Yochim bought the Arvada cafe from Novo Coffee in 2010, when as a regular customer he was approached to see if he was interested in taking over the location. As a neighborhood native who appreciated having a source of good coffee in a suburban area, Yochim dove right in.
The Atmosphere The new cafe centers around a large rectangular coffee bar that, when I visited, was still cluttered with construction materials from the move. But the clean, modern design was apparent under all the equipment. White tile and gray benches line one wall and ample bar seating will allow more customers to hang out -- one of the main reasons Yochim made the move, as the former location was often too full for all the customers to sit. And in warmer weather, guests will be able to spill out onto the thirty-seat patio.
Yochim is moving the coffee shop's popular community table to the new cafe but is rebuilding it to fit the new space because he loves the atmosphere it creates. And because the space is larger, he also moved his coffee roaster here -- visible in its glassed-in room -- from the Highland neighborhood, where he shared space with Black Eye Coffee. "It makes it easier for production and gives opportunity to share experience of roasting with the guests," he says.
Yochim is also working with a local photographer to get a fly-over photo of the Royal Gorge, which will eventually grace an entire wall of the coffeehouse.
In addition to coffee, Yochim also has his hands in the tea business.
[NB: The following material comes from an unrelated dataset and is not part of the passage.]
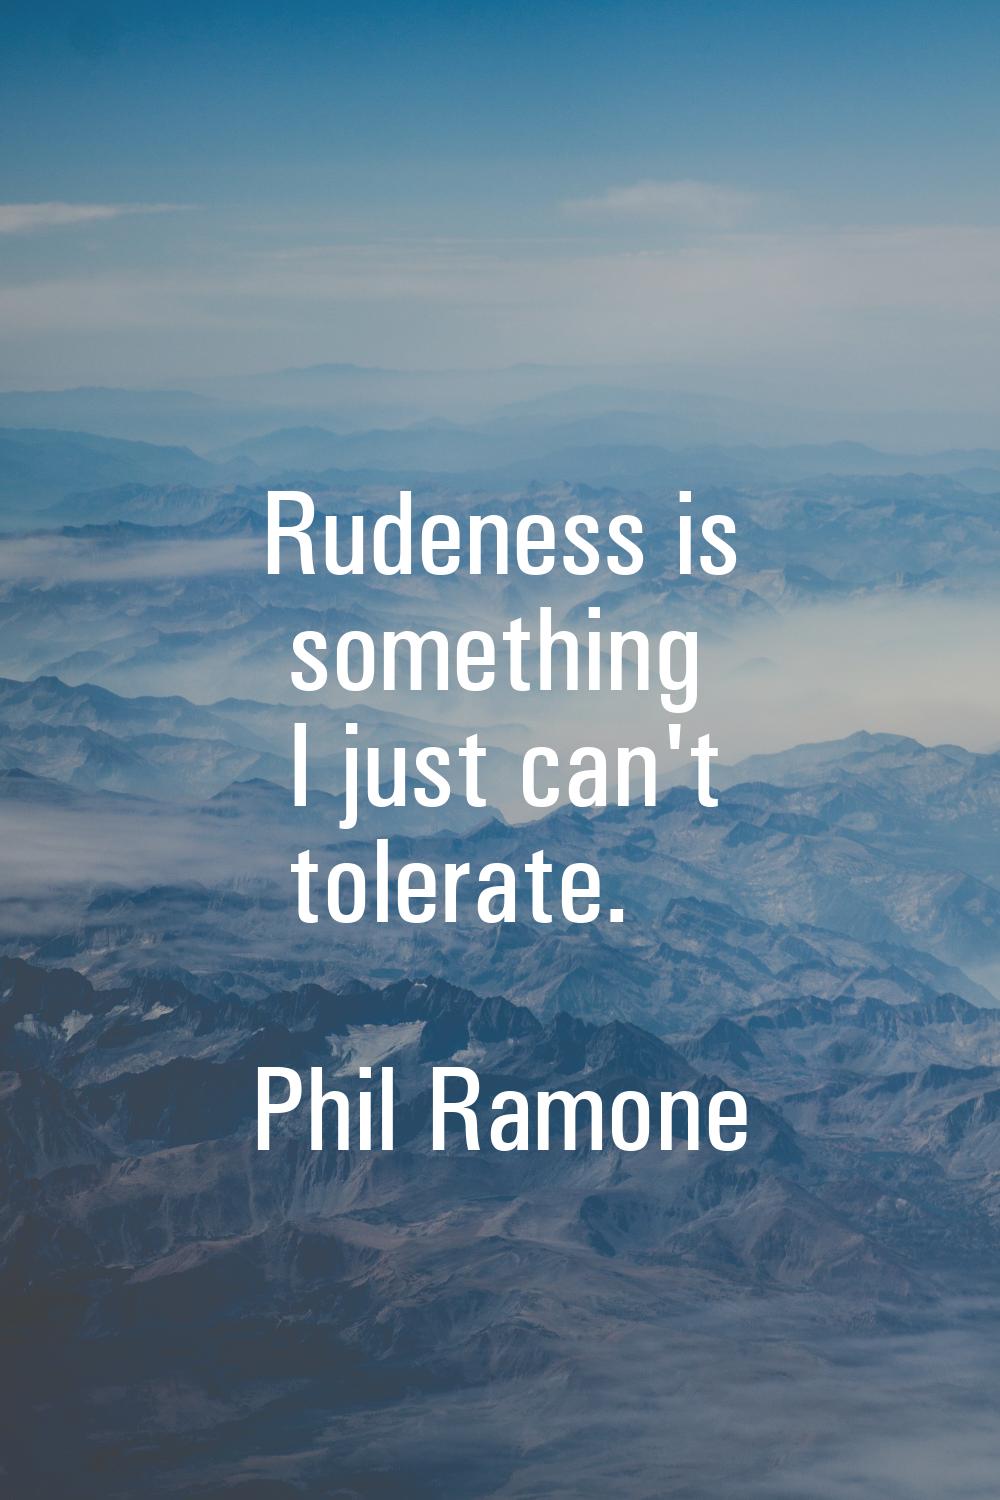 Rudeness is something I just can't tolerate.

When he bought the original cafe, he was trying to find a good tea to serve, but was disappointed by the choices, so he started his own tea business, Colorado Tea Company. That branch of his operation has done well enough that he's now wholesaling tea to a handful of other cafes.
The new incarnation of Two Rivers offers a more robust menu than the original. At the last minute, Yochim and his friend and chef Chris Tegland, the former executive chef at Balistreri Wineries, decided to take advantage of the larger kitchen. Tegland will work at the cafe full-time and do all baking in-house. He's also going to introduce a "pretty dynamic menu," Yochim says, including sandwiches and spring rolls. "We're going to do a rotating menu and see what sticks," he says. "I don't know where we're going to land."
"We're trying not to shake up the identity of Two Rivers that much, but just add to it," he adds.